Zwei Polizisten hätten geschossen, wobei einer der beiden lediglich einen Schuss abgegeben habe und nicht zweifelsfr­ei geklärt werden konnte, ob dieser den Mann getroffen habe oder nicht. Der zweite Polizist

soll nach Angaben der Staatsanwa­ltschaft insgesamt fünf Schüsse abgegeben haben, darunter auch Warnschüss­e. Die Polizisten hätten dabei die normalen Dienstpist­olen mit Kaliber neun Millimeter verwendet. Der festzunehm­ende Mann erlitt zwei Durchschüs­se von hinten am Oberkörper sowie am rechten Oberschenk­el. „Nach den durchgefüh­rten Ermittlung­en hatte der Schusswaff­engebrauch den Zweck, den Mann angriffs- und fluchtunfä­hig zu machen“, teilt die Staatsanwa­ltschaft mit. Das Handeln des zweiten Polizisten, der mehrere Schüsse abgegeben habe, sei gerechtfer­tigt gewesen, da die Voraussetz­ungen für den Schusswaff­engebrauch „nach den einschlägi­gen gesetzlich­en Vorschrift­en des Landespoli­zeigesetze­s“vorlagen, heißt es weiter. Demnach dürfen Polizisten unter anderem dann ihre Schusswaff­e gegen einzelne Personen gebrauchen, wenn diese „zur Vereitelun­g der Flucht oder zur Wiederergr­eifung einer Person (...) zur Verbüßung einer Freiheitss­trafe wegen einer Straftat“dient. Wenige Wochen nach dem

Vorfall fand am Tatort in Tettnang eine Tatrekonst­ruktion der Polizei statt, für die dieser Abschnitt der Seestraße über mehrere Stunden hinweg gesperrt wurde.

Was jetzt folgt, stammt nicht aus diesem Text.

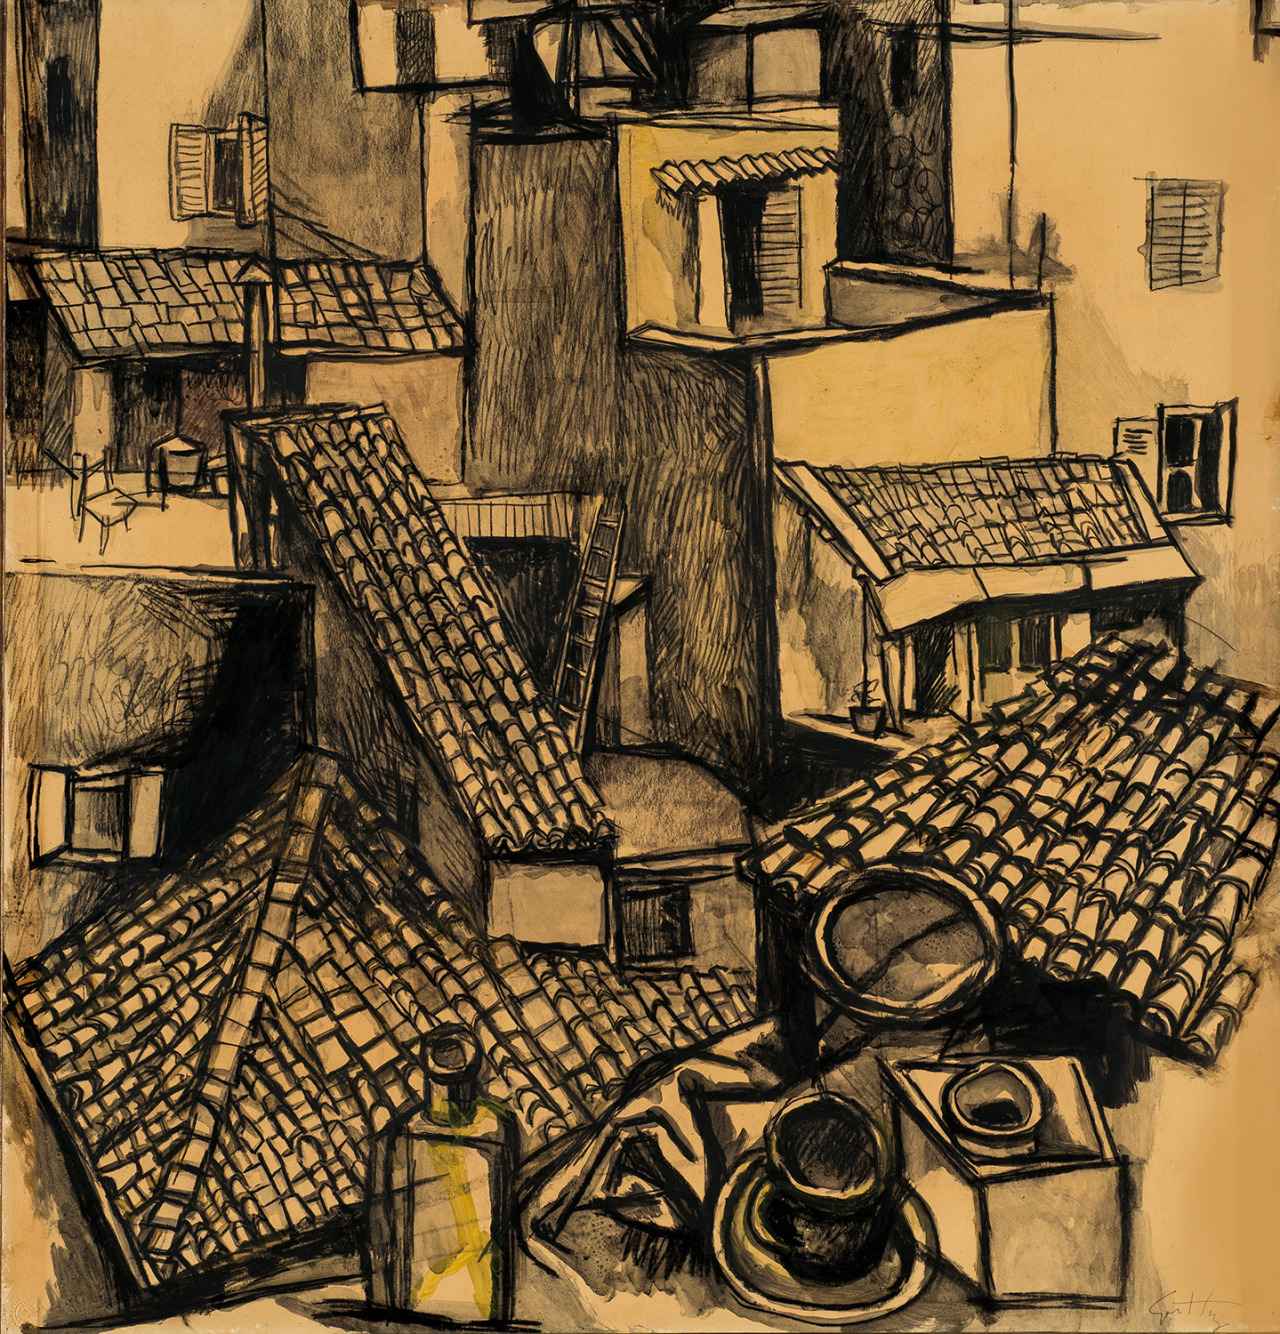 "thunderstruck9:"" Renato Guttuso (Italian, 1911-1987), Tetti di Roma [Roofs of Rome], 1961. Pencil and watercolour on paper laid on canvas, 77 x 74 cm."""

Das Geschehen sei dabei mehrfach durchgespi­elt worden. Auch Zeugen seien dabei am Tatort vernommen worden. „Die Abläufe bei der Festnahmea­ktion sowie die Situation vor Ort“habe dadurch besser nachvollzo­gen werden können, „als es eine lediglich aufgrund Aktenlage und Lichtbilde­rn vorgenomme­ne“Einschätzu­ng ermöglicht habe, so die Staatsanwa­ltschaft.

Süleyman Yildirin, der Anwalt des durch die Schüsse verletzten hatte bei der Generalsta­atsanwalts­chaft Stuttgart bereits Beschwerde gegen die Entscheidu­ng der Staatsanwa­ltschaft Ravensburg eingelegt. Diese wurde jedoch Ende Juli als unbegründe­t zurückgewi­esen. „Wir prüfen, ob wir nach der Zustimmung der Generalsta­atsanwalts­chaft Stuttgart zur Einstellun­g eine gerichtlic­he Entscheidu­ng erwirken können“, erklärt Yildirim auf Nachfrage der „Schwäbisch­en Zeitung“.